PROVIDED DATA:
────────

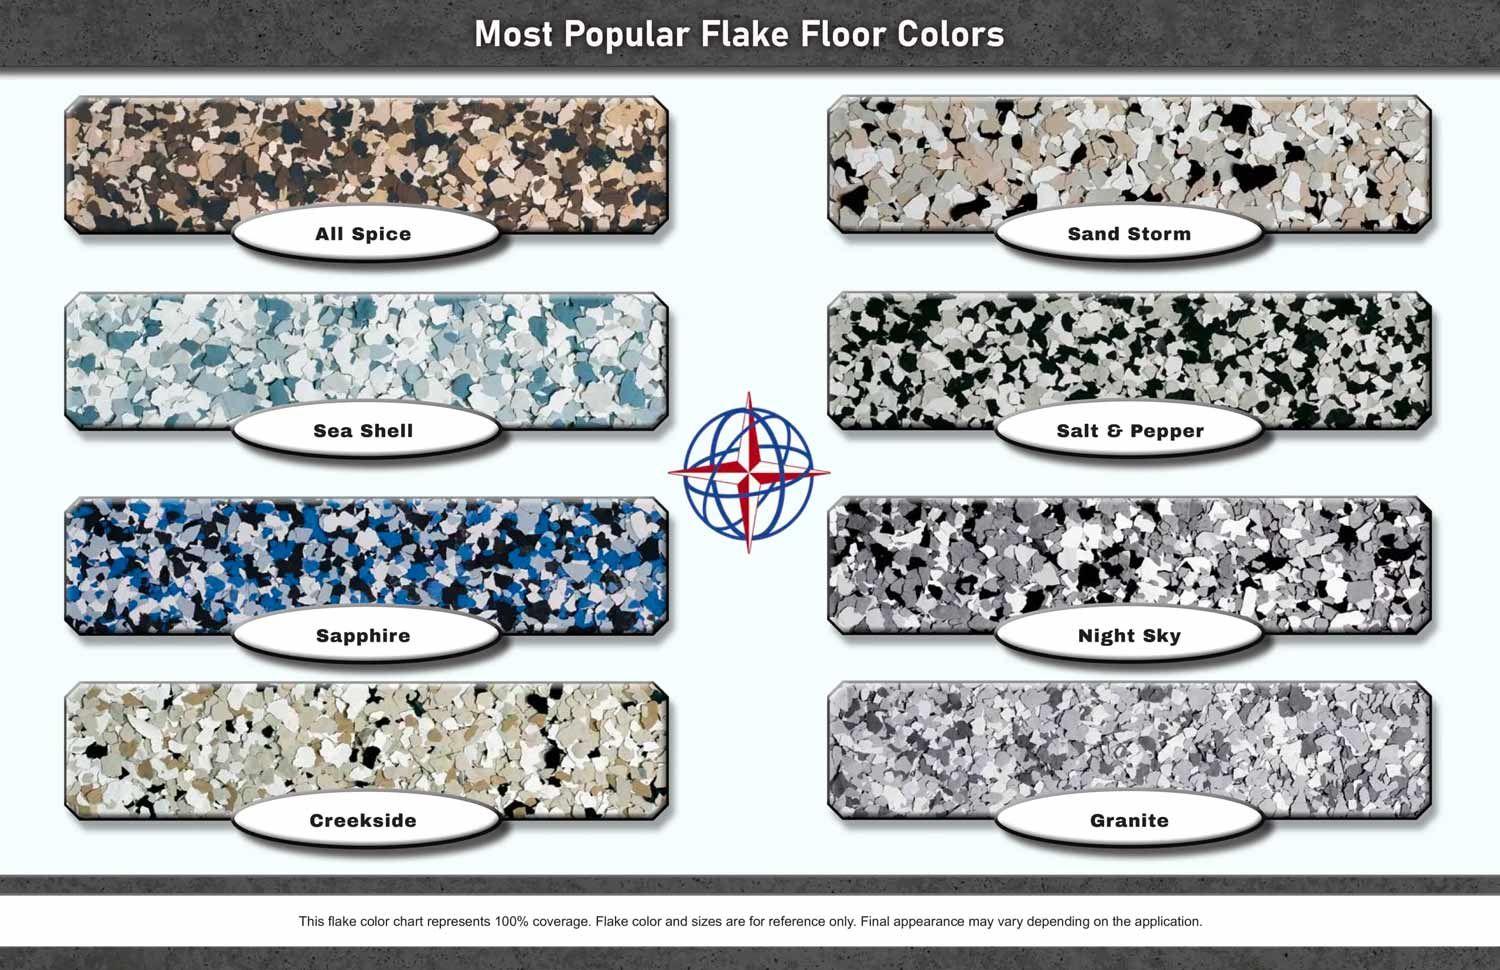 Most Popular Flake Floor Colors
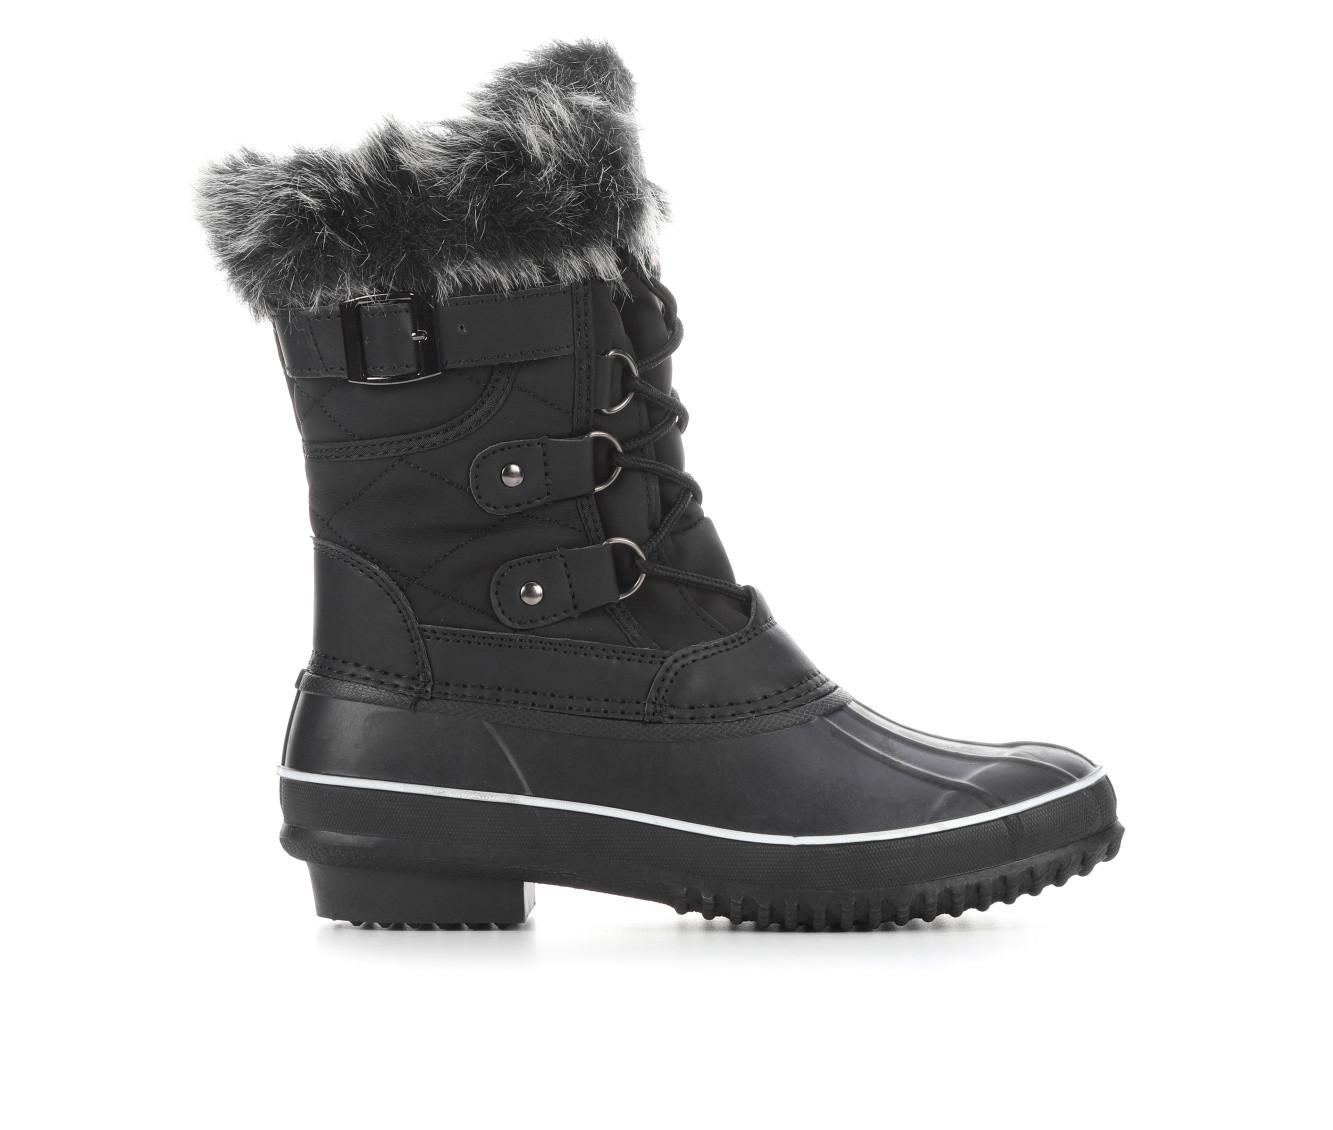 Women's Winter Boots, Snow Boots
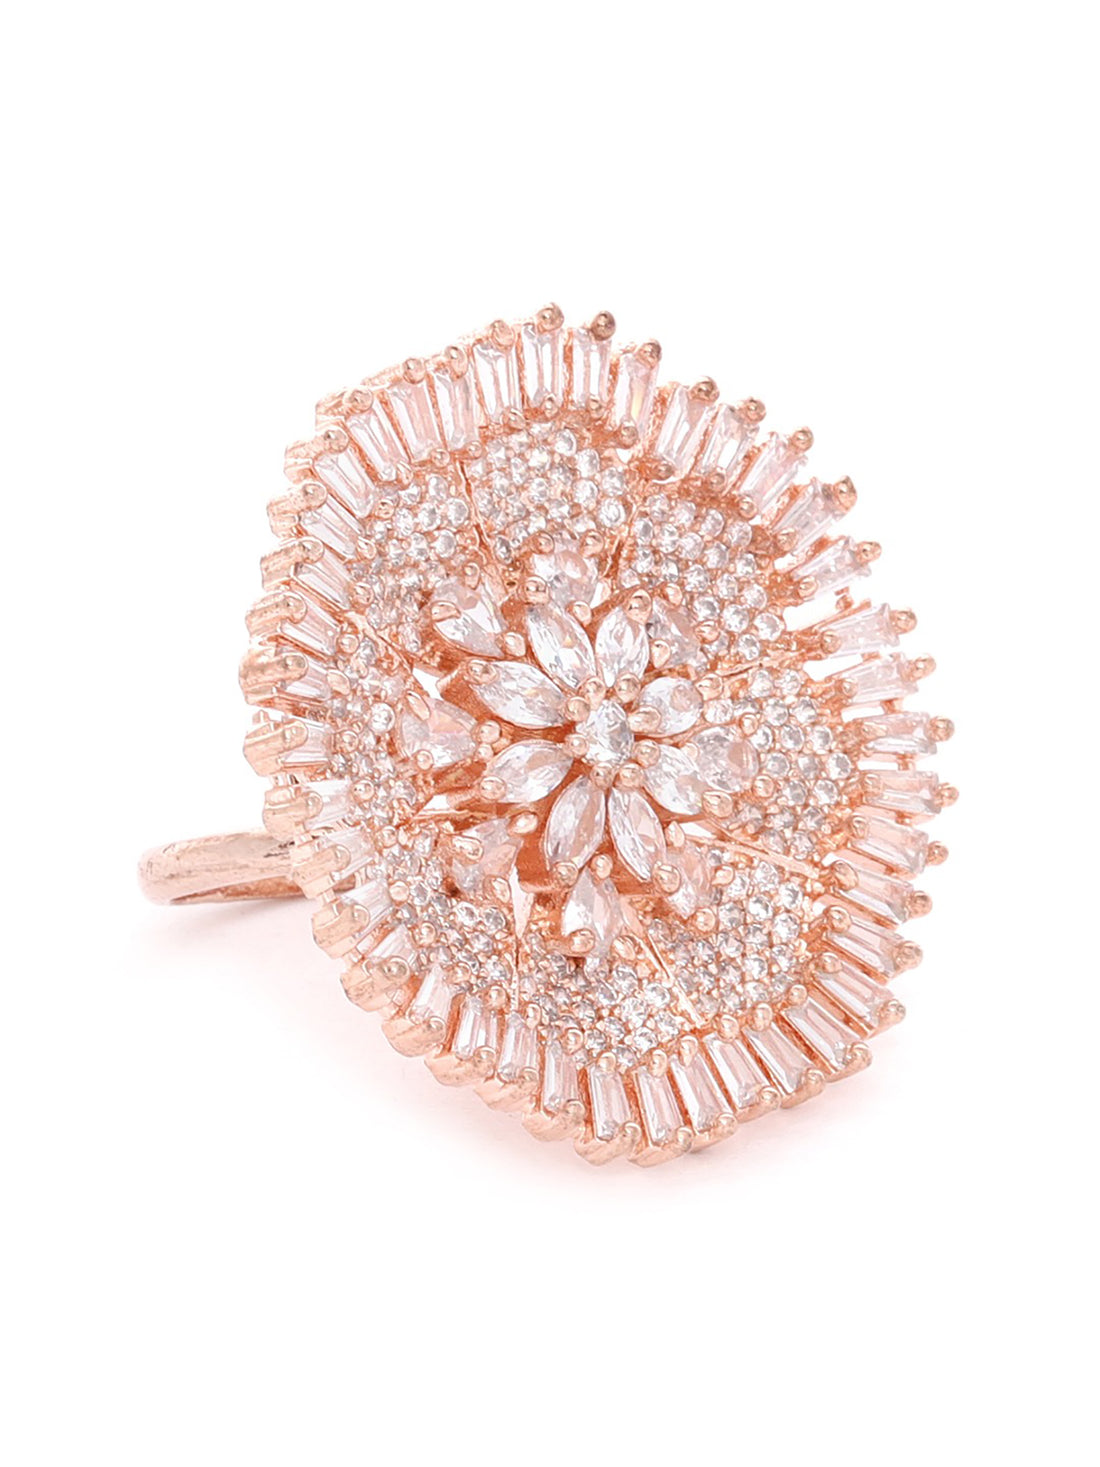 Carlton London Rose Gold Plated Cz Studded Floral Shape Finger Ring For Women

────────

TASK REQUIREMENTS: Excluding images, output exactly the lines from the one that holds "Women's Winter Boots, Snow Boots" through the final line of the material, both ends included.

TASK RESPONSE:
 Women's Winter Boots, Snow Boots
 Carlton London Rose Gold Plated Cz Studded Floral Shape Finger Ring For Women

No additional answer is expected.